Package Requirements

Ensure you have the following Python packages installed:

  • fastapi
  • uvicorn
  • pydantic
  • celery
  • redis
  • python-dotenv
  • swagger-ui-bundle
  • snowflake-ml-python
  • snowflake-snowpark-python==1.18.0
  • scikit-learn==1.3.0
  • pandas
  • sqlalchemy
  • snowflake-connector-python
  • snowflake-connector-python[pandas]
  • snowflake-sqlalchemy

How to Run

  1. Clone the repository:

    sh
    git clone <repository-url>
    cd <repository-directory>
    
  2. Set up your environment: Note SnowFlake account must be in AWS-Orgeon or other Cortex supported zone

Create a .env file in the root directory and add the following environment variables:

CELERY_BROKER_URL=redis://redis:6379/0
CELERY_RESULT_BACKEND=redis://redis:6379/0
SNOWFLAKE_CONFIG='{
    "user": "<your-snowflake-username>",
    "password": "<your-snowflake-password>",
    "account": "<your-snowflake-account>",
    "warehouse": "<default-warehouse>",
    "database": "<default-database>",
    "schema": "<default-schema>",
    "role": "<default-role>"
}'

Build and run the Docker containers:

docker-compose up --build

API Endpoints Overview

/data/upload

Description: Upload a CSV file and initiate a long-running job to load data into Snowflake. This process creates its own stage automatically. Important ensure all column headers in the upload file are lowercase.

  • Method: POST
  • Parameters:
    • file (UploadFile): The file to upload.
    • table_name (str): The name of the table to create in Snowflake.
    • database (str, optional): The name of the database.
    • schema (str, optional): The name of the schema.
    • warehouse (str, optional): The name of the warehouse.
    • role (str, optional): The role to use.
  • Returns: The task ID of the Celery job.

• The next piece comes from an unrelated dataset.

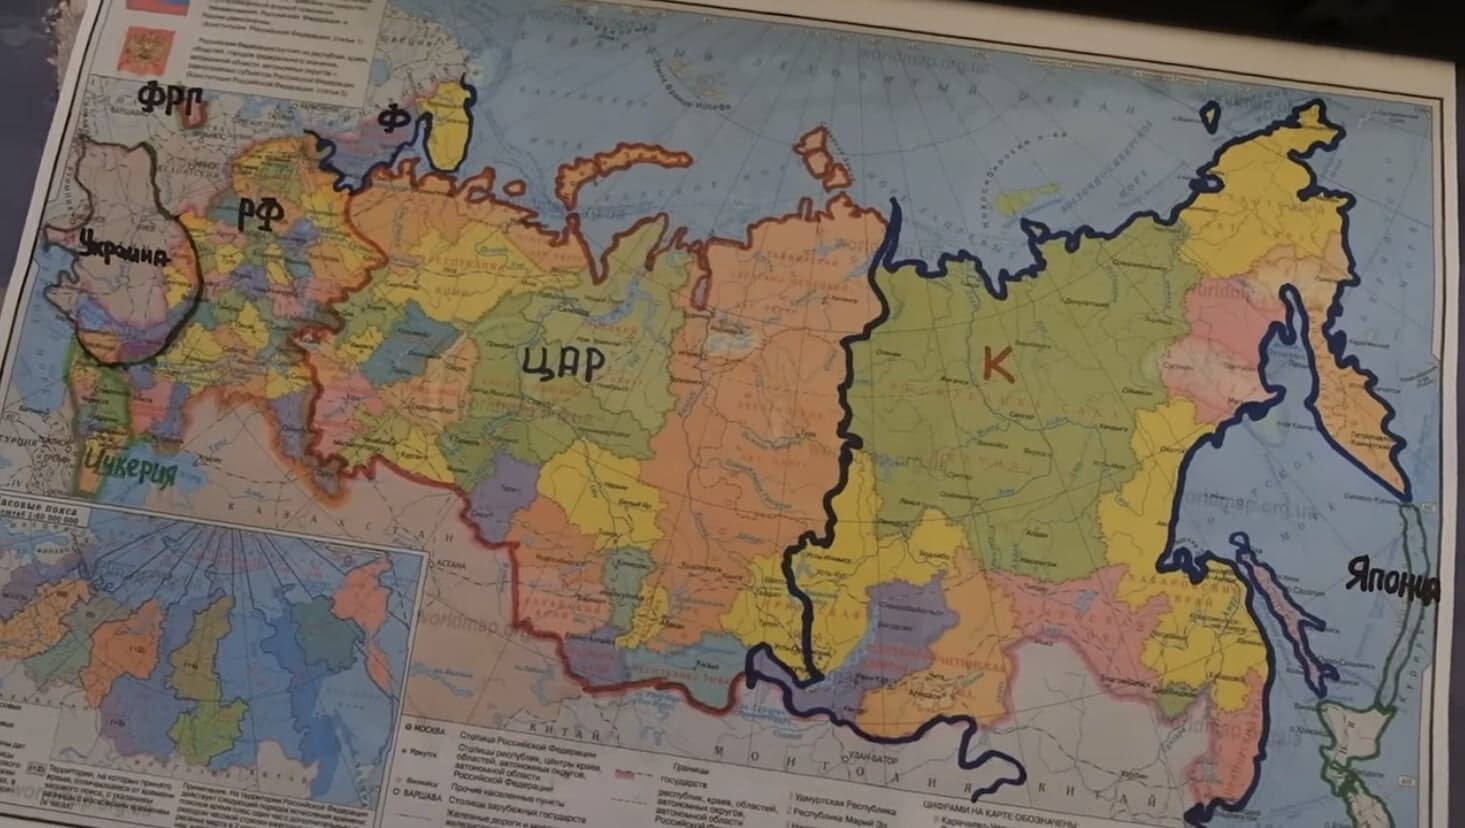 "Смертельно небезпечна річ": на росТБ стривожилися через карту з "розчленованою" Росією в кабінеті Буданова. Відео 

/data/create/tables/classification

Description: Create classification tables in Snowflake.

  • Method: POST
  • Parameters: (ClassificationRequest)
    • table_name (str): The name of the table.
    • source_columns (list[str]): The source columns for classification.
    • target_column (str): The target column for classification.
    • database (str, optional): The name of the database.
    • schema (str, optional): The name of the schema.
    • warehouse (str, optional): The name of the warehouse.
    • role (str, optional): The role to use.
    • template (str, optional): A template for formatting, source column will be formatted using this template.
    • create_validation (bool, optional): Whether to create validation on training data(split is random 90-10).
    • llm_calssification_train_source (bool, optional): Whether to prepare data to train LLM's. Creates prompts for LLM training in source column. E.g. Converted text on SOURCE will be "hooray, we won" Emotion: Happy, Sad, Angry etc. Single response on target train only for happy. No elaborated text. TARGET will be happy.
  • Returns: Combination of source columns as concat string, in template format or concatinated using ':' based on. Also takes target column and creates target table of target column and target column numbered. The source and target columns numbered added to a copy of base table, training, validation and predict tables(Targets not being defined would be null).

/classification/gbm/train

Description: Train a GBM classification model in Snowflake.

  • Method: POST
  • Parameters: (GBMTrainRequest)
    • training_table (str): The training table name.
    • database (str, optional): The name of the database.
    • schema (str, optional): The name of the schema.
    • warehouse (str, optional): The name of the warehouse.
    • role (str, optional): The role to use.
  • Returns: Model name.

/classification/gbm/predict

Description: Generate predictions using a trained GBM classification model in Snowflake.

  • Method: POST
  • Parameters: (GBMPredictRequest)
    • model_name (str): The name of the model.
    • predict_table (str): The table to predict.
    • database (str, optional): The name of the database.
    • schema (str, optional): The name of the schema.
    • warehouse (str, optional): The name of the warehouse.
    • role (str, optional): The role to use.
  • Returns: Results table.

/classification/gbm/info

Description: Retrieve model evaluation metrics for a GBM classification model in Snowflake.

  • Method: GET
  • Parameters:
    • model_name (str): The name of the model.
    • database (str, optional): The name of the database.
    • schema (str, optional): The name of the schema.
    • warehouse (str, optional): The name of the warehouse.
    • role (str, optional): The role to use.
  • Returns: The model evaluation metrics.

/classification/llm/train

Description: Train an LLM classification model in Snowflake.

  • Method: POST
  • Parameters: (LLMTrainRequest)
    • training_table (str): The training table name.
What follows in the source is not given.